RECORDS SHOWN ▸
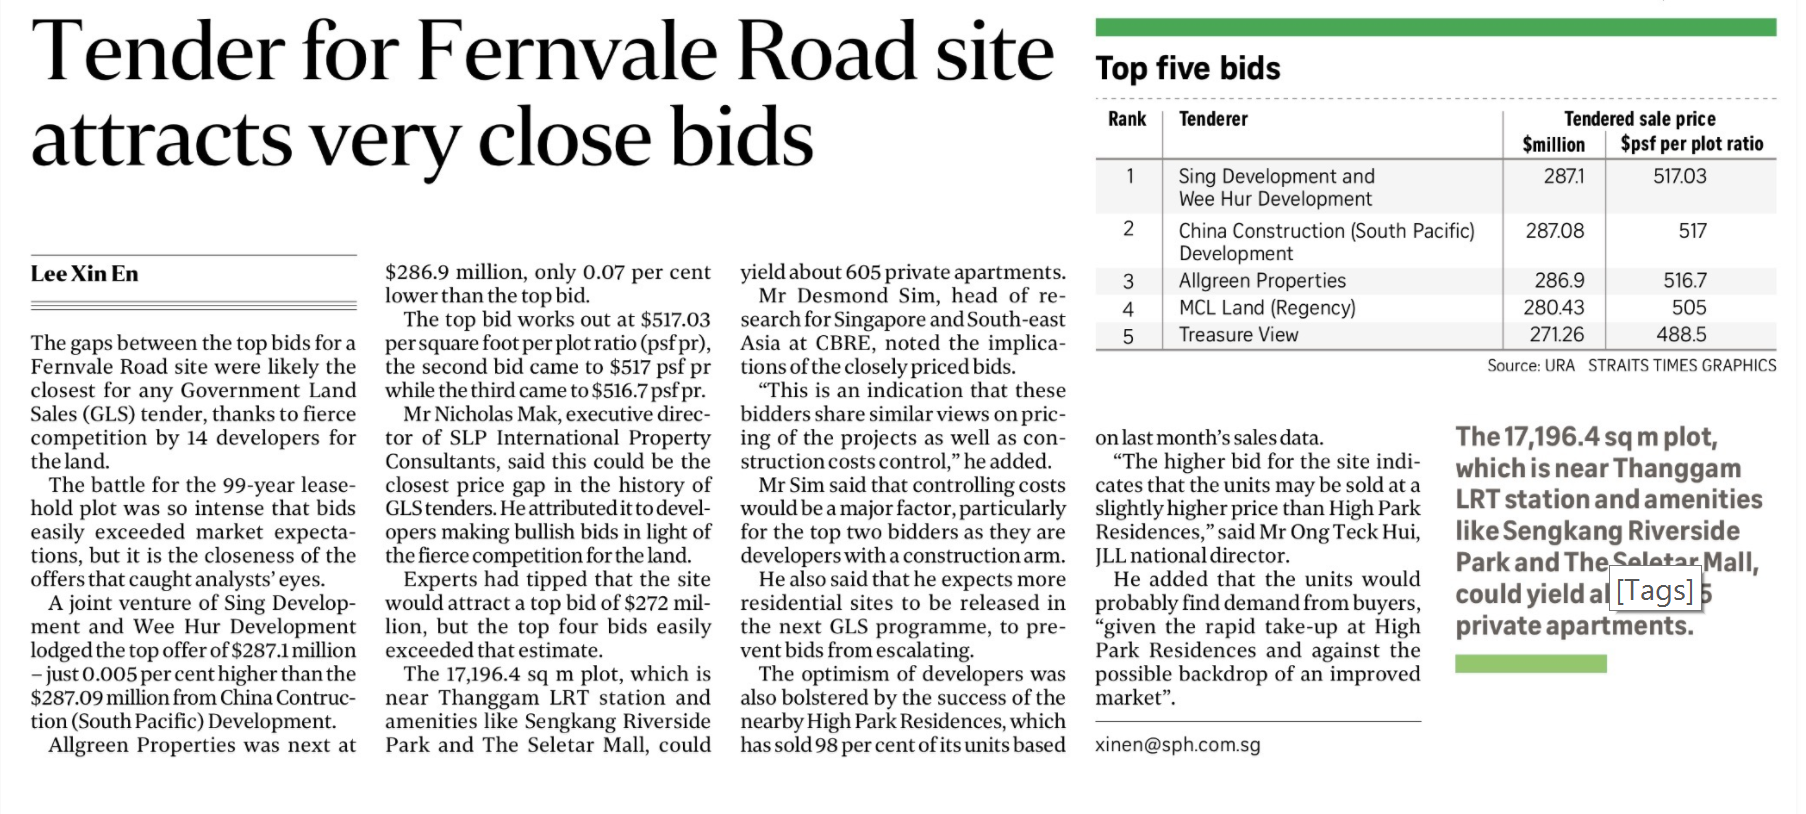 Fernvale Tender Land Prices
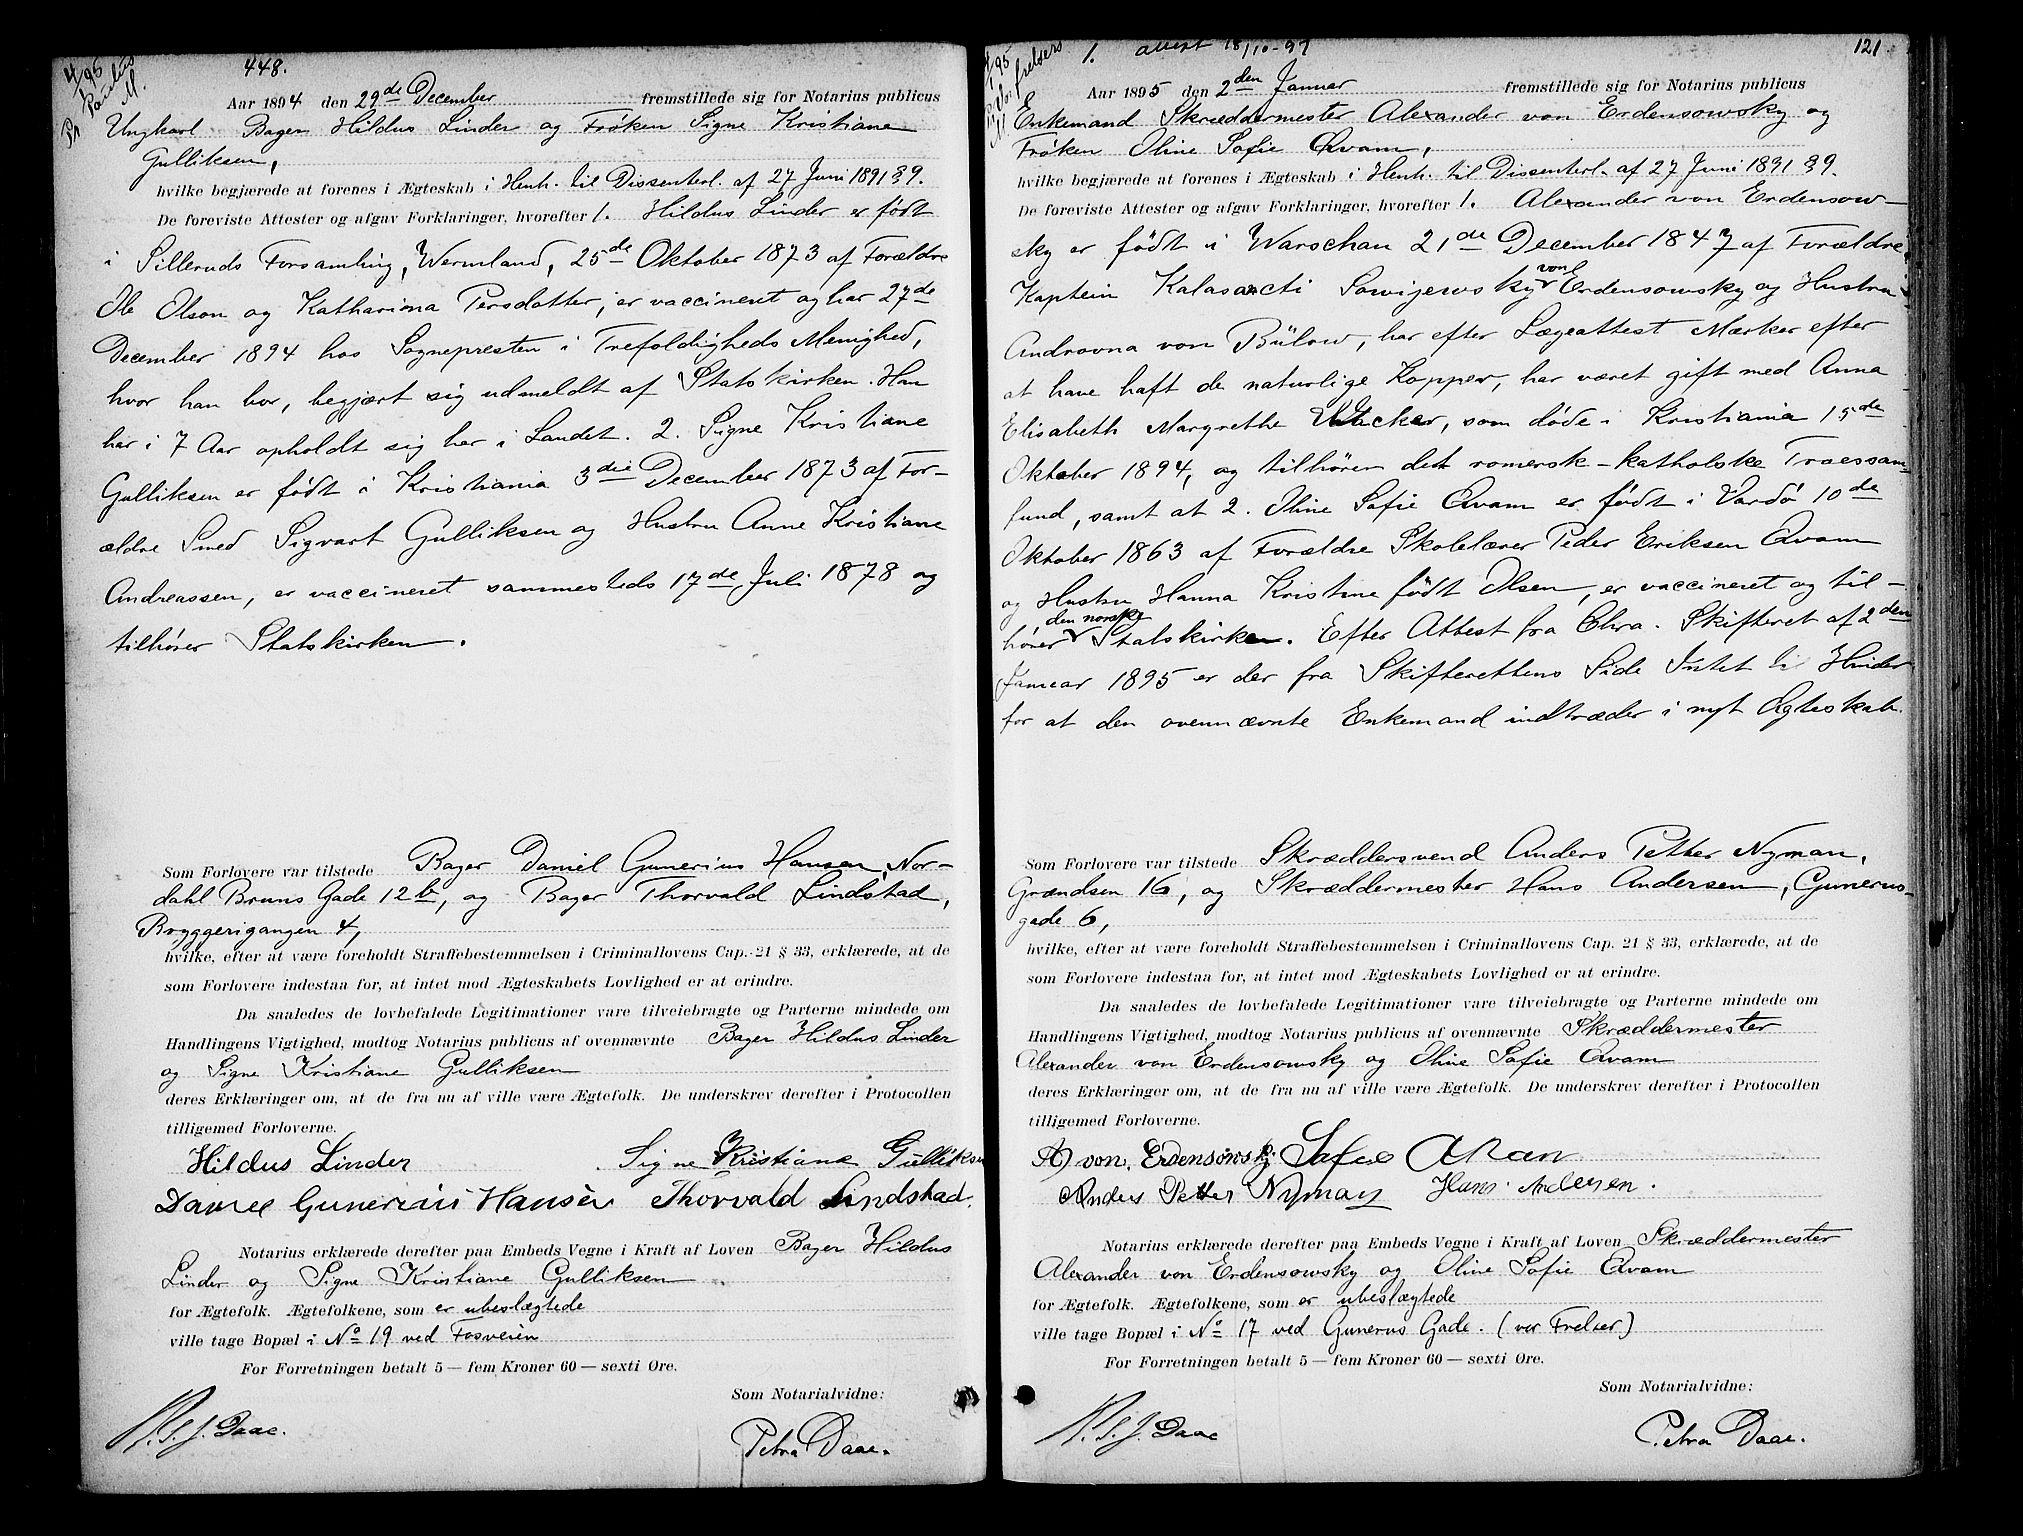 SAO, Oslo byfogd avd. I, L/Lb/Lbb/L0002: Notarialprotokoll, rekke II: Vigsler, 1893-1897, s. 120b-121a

...

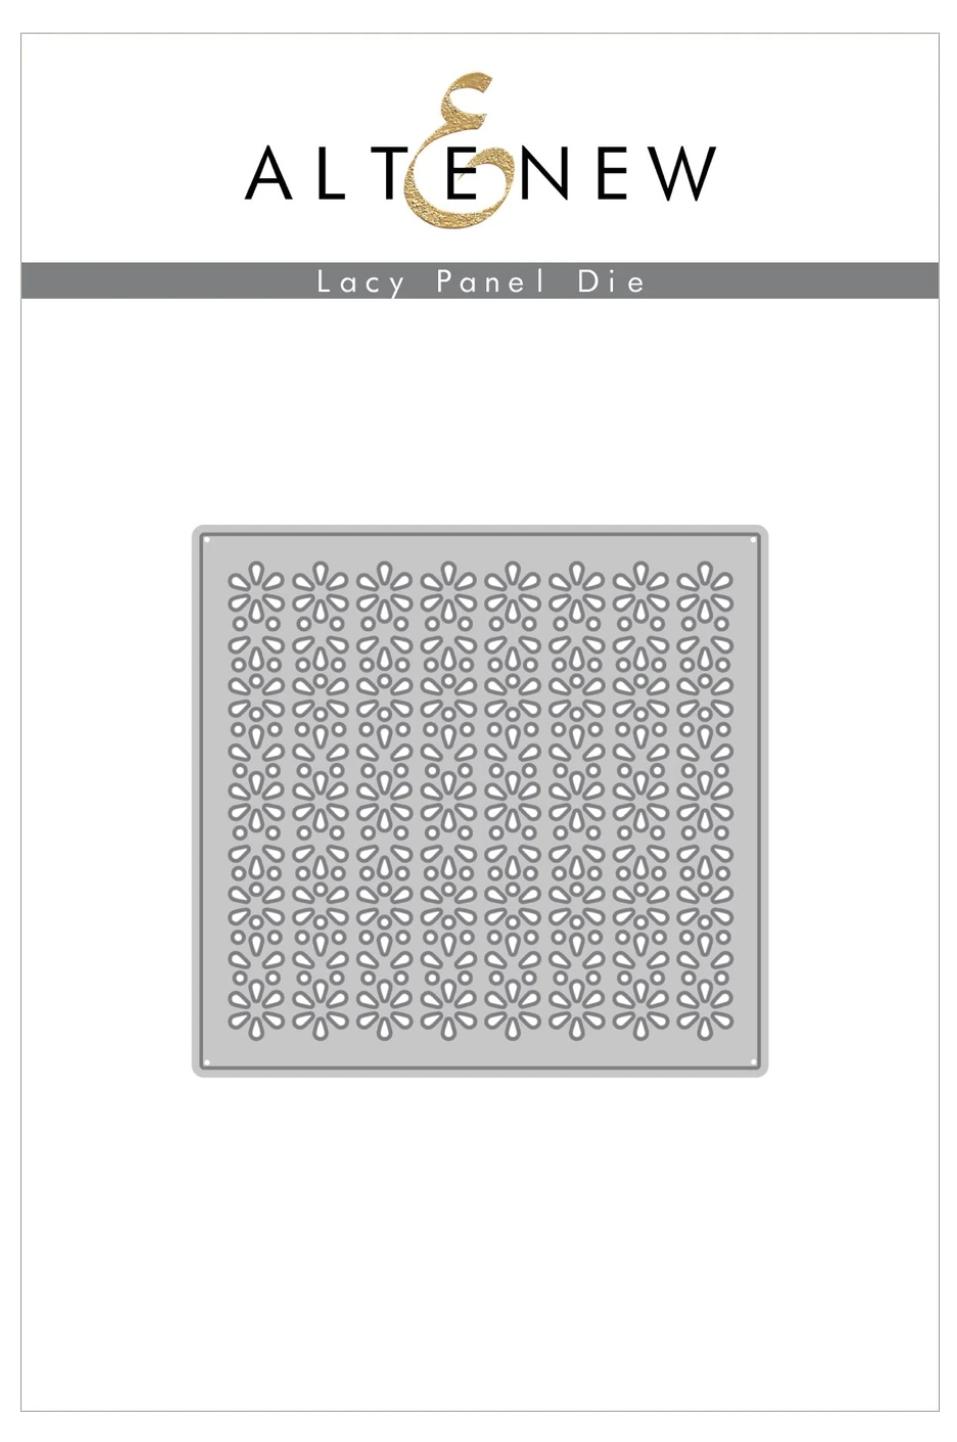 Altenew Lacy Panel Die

* * *

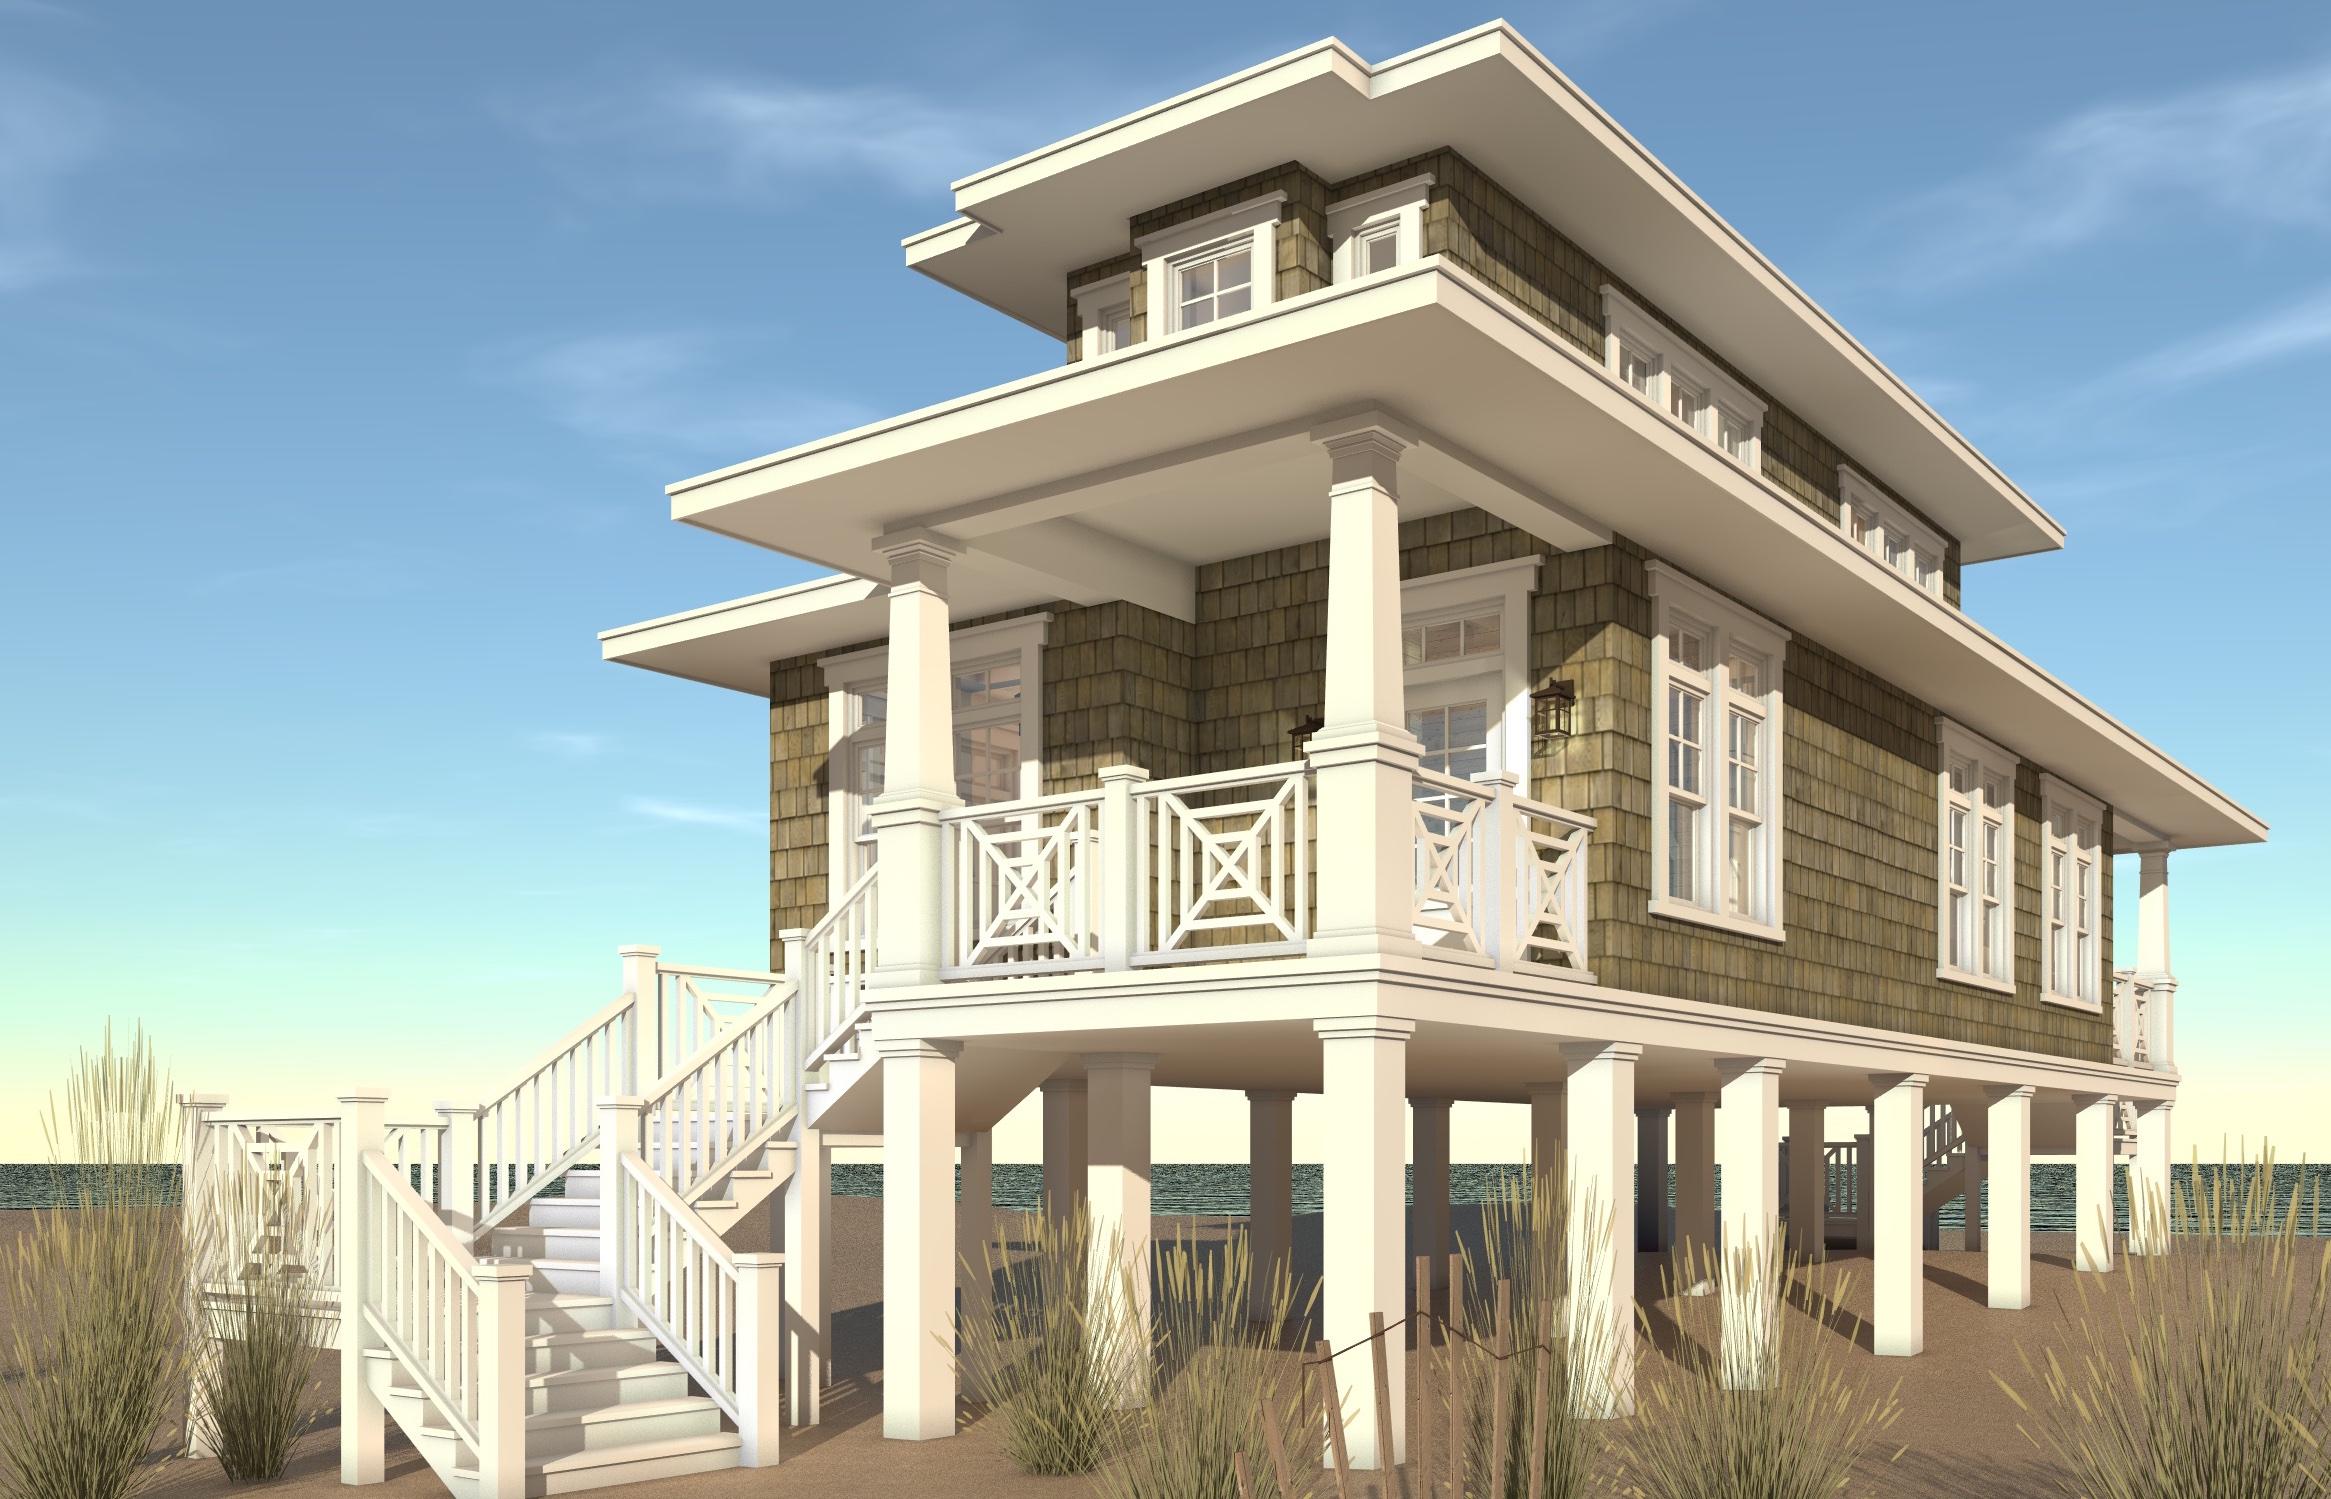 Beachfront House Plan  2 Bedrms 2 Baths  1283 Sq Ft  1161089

YOUR INSTRUCTIONS ▸ From the line containing "Fernvale Tender Land Prices" through the line containing "SAO, Oslo byfogd", copy every line above exactly, without pictures.

EXERCISE RESPONSE ▸
 Fernvale Tender Land Prices
 SAO, Oslo byfogd avd. I, L/Lb/Lbb/L0002: Notarialprotokoll, rekke II: Vigsler, 1893-1897, s. 120b-121a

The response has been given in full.